Modelling productivity of water- and nutrient-limited forests:
(Publications: 9, 10, 11, 13, 14, 15, 17, 22, 23, 28, 32, 58, 59, 67, 76, 77, 78, 79, 92)
 
Australia is the driest of all continents and also has the lowest primary productivity (excepting Antarctica). The overall aim of this ongoing research, in collaboration with Professors Mark Adams (University of Western Australia) and Derek Eamus (Univ. Technology, Sydney) is to explain mechanisms linking these observations. The objectives of this research are: (a) to establish relationships between site water status and net primary productivity (NPP) in four woody ecosystems; (b) to establish mechanisms by which site water status influences NPP; (c) to determine the relative importance of these mechanisms; and (d) to incorporate this understanding into the G'DAY ecosystem model.
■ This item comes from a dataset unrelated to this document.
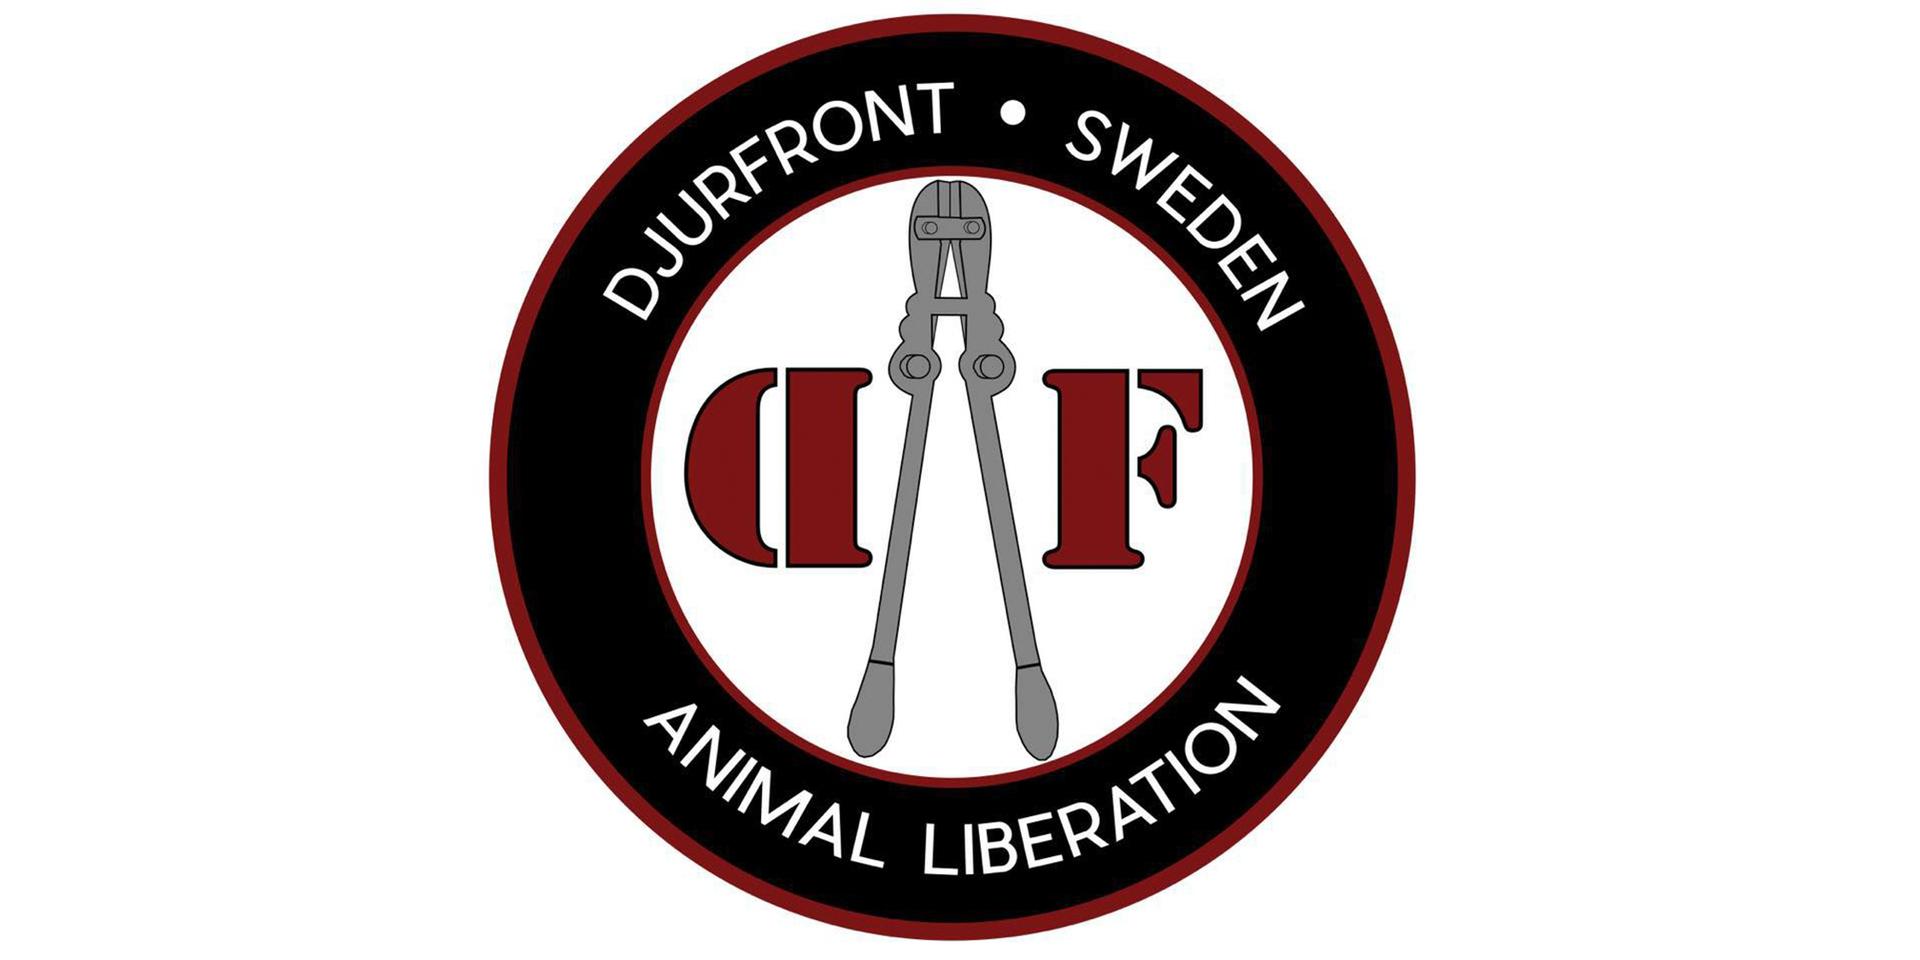 Djurfront säger sig ha lokalavdelningar i flera svenska städer. GP:s granskning visar dock att det rör sig om drygt 100 aktiva medlemmar som är aktiva runt om i Sverige.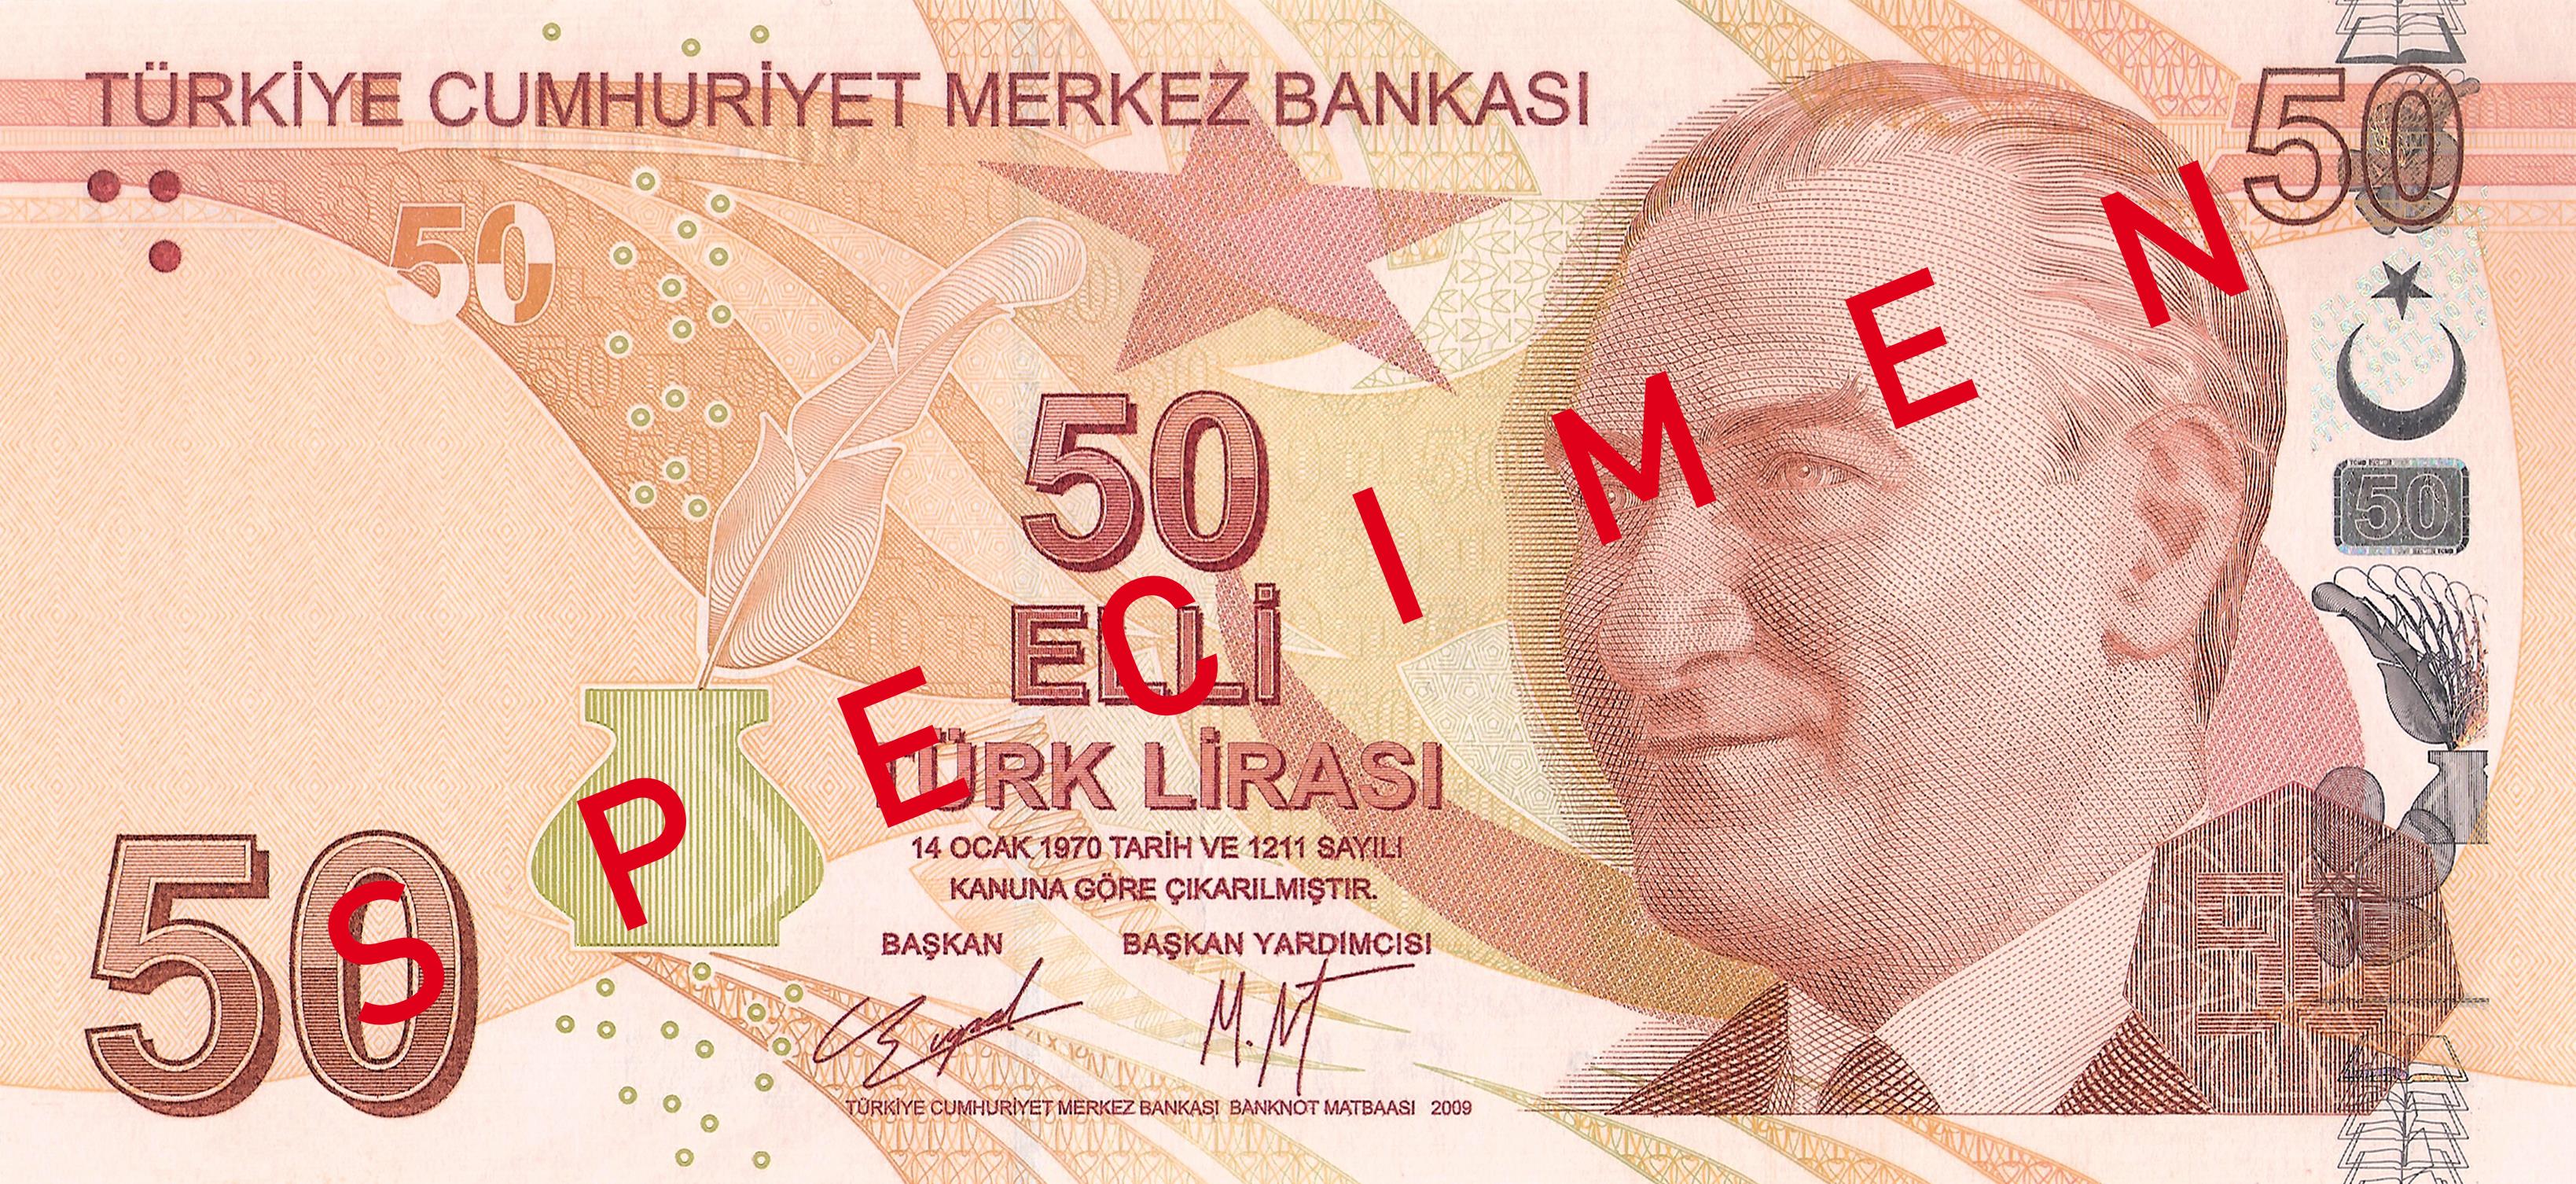 50 Türk Lirası front

Mechanisms underlying the relationship between site water status and productivity include: (1) stomatal response to vapour-pressure deficit; (2) differences in leaf-scale attributes; (3) altered respiration rate; (4) hydraulic limitations and (5) differences in leaf area index. G'DAY has been applied to E. globulus plantations in south-western Australia in collaboration with CSIRO with contrasting mean annual rainfall, water-holding capacities and fertilities (Dave & Ross, 58).
 
 
CURRENT RESEARCH DIRECTIONS
 
Our current work on the above topics includes:
  • Applying models to gas exchange and hourly eddy-covariance data from an E. delegatensis stand at Tumbarumba NSW (Belinda & Dave).
  • Applying G'DAY to daily time-step eddy-covariance data for various forest and savanna sites. The savanna system is important in Australia because of its ecological sensitivity and vastness (occupying 25% of Australia's land area), and because massive vegetation change is taking place across much of the Australian savanna (Ross).
  • Participation in a new Swedish project where effects of enhanced N deposition and fertilisation on boreal pine forests are to be measured using eddy-covariance methodology (Ross, in collaboration with Sune Linder).
  • Modelling of growth of plantation eucalypts in north-eastern NSW (Ross & Dave, in collaboration with Dr Dane Thomas, State Forests of NSW). SF-NSW is embarking on a major expansion of its eucalypt plantation estate in N-E NSW with extensive new plantings on ex-agricultural land of marginal quality. This work aims to develop a system for selecting the best species to plant at specific sites (based on climate-site data), and for identifying best management practices for plantations.
  • Applying models to uneven-aged native black-butt forest stands in N-E NSW (David Dore).
  • According to a recent global synthesis of NPP data, Australian forests have lower NPP than forests elsewhere in the world with the same rainfall. This raises the question of why Australian forests have relatively low water-use efficiency. Can the difference be explained from plant physiological mechanisms? Or, is it due to harsher weather conditions or infertility of Australian soils? If low fertility is the cause, then can that be explained from biogeochemistry, or fire frequency?